Author:
Pavlovic Dragan,Pavlovic Aleksandra
Abstract
Antiphospholipid syndrome (APS) is an autoimmune disease with recurrent
thromboses and pregnancy complications (90% are female patients) that can be
primary and secondary (with concomitant autoimmune disease). Antiphospholipid
antibodies are prothrombotic but also act directly with brain tissue. One
clinical and one laboratory criterion is necessary for the diagnosis of APS.
Positive serological tests have to be confirmed after at least 12 weeks.

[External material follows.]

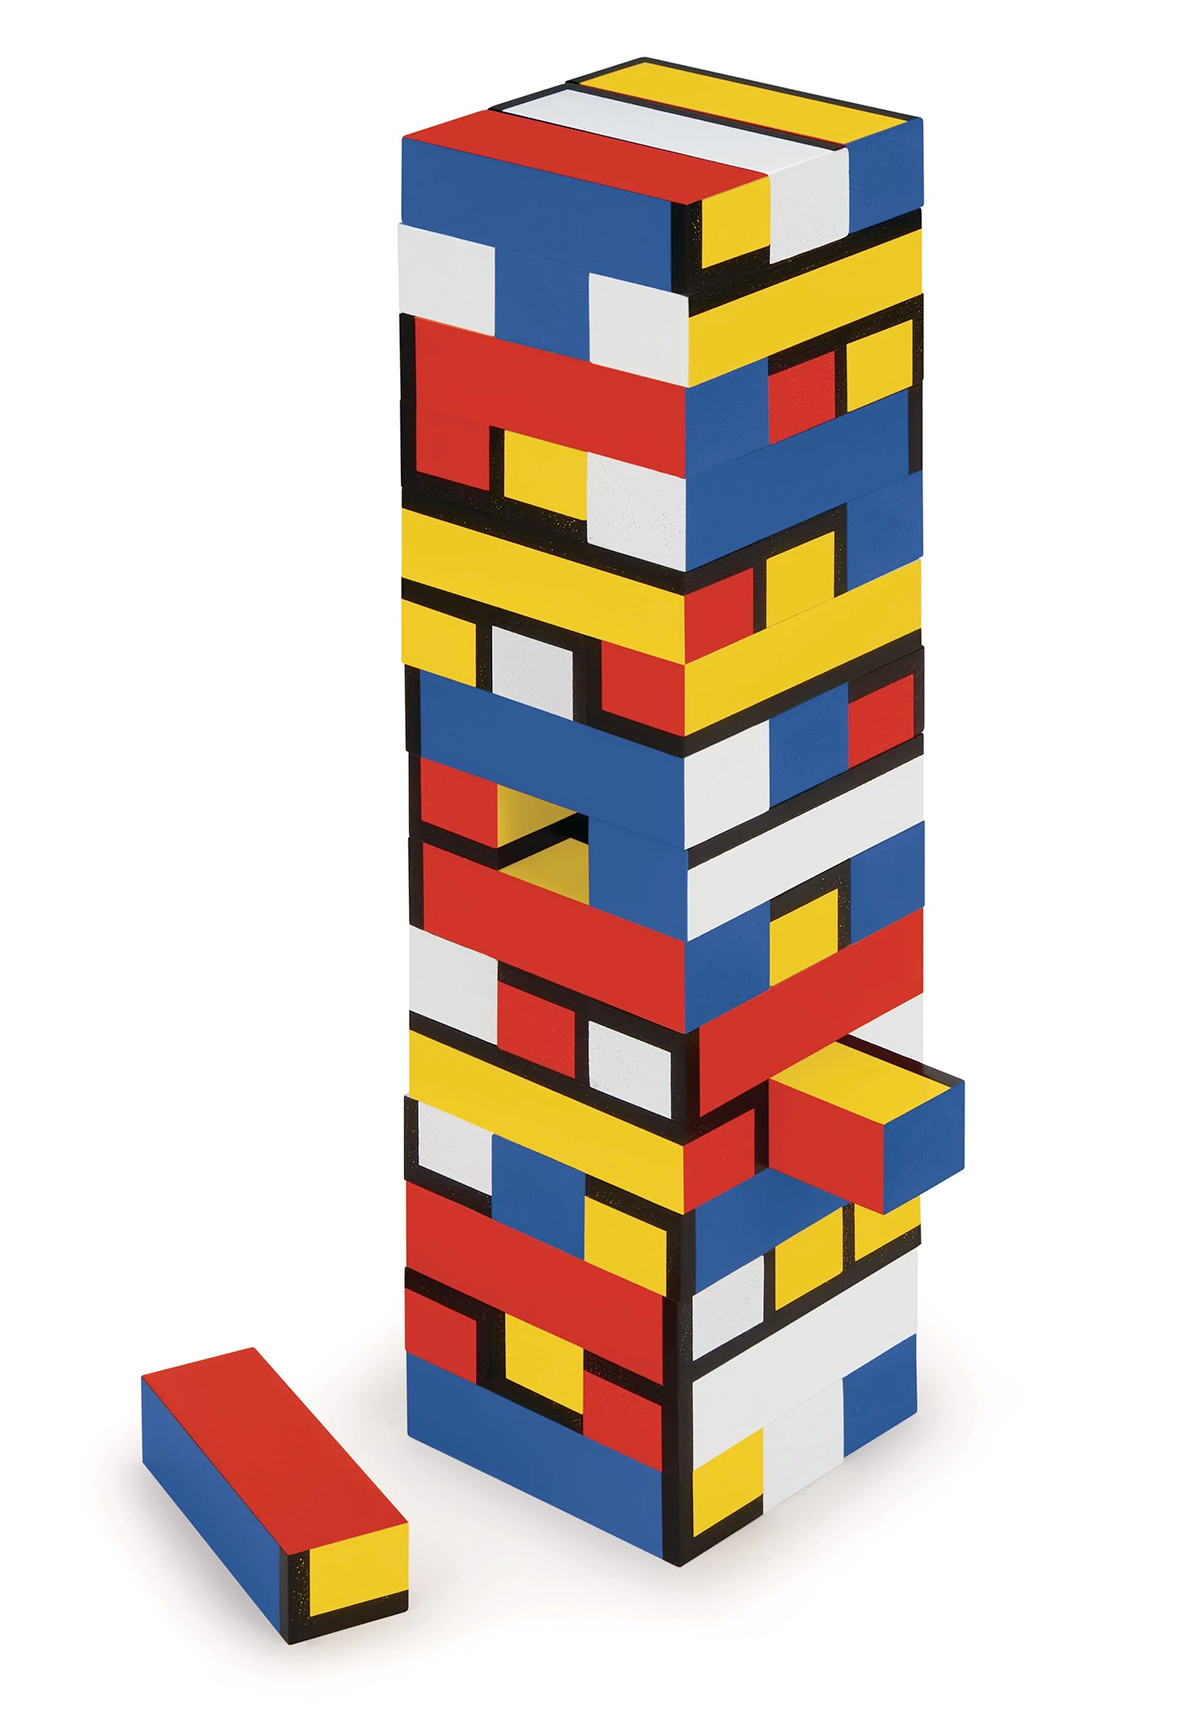 Stacking Game De Stijl Jenga in the Colorful Style of Piet Mondrian (MoMA)

Clinical picture consists of thromboses in many organs and spontaneous
miscarriages, sometimes thrombocytopaenia and haemolytic anaemia, but
neurological cases are the most frequent: headaches, stroke, encephalopathy,
seizures, visual disturbances, Sneddon syndrome, dementia, vertigo, chorea,
balism, transitory global amnesia, psychosis, transversal myelopathy and
Guillain-Barre syndrome. About 50% of strokes below 50 years of age are
caused by APS. The first line of therapy in stroke is anticoagulation:
intravenous heparin or low-weight heparins. In chronic treatment, oral
anticoagulation and antiplatelet therapy are used, warfarin and aspirin,
mostly for life. In resistant cases, corticosteroids, intravenous
immunoglobulins and plasmapheresis are necessary. Prognosis is good in most
patients but some are treatment-resistant with recurrent thrombotic events
and eventually death.
Publisher
National Library of Serbia
Cited by
1 articles.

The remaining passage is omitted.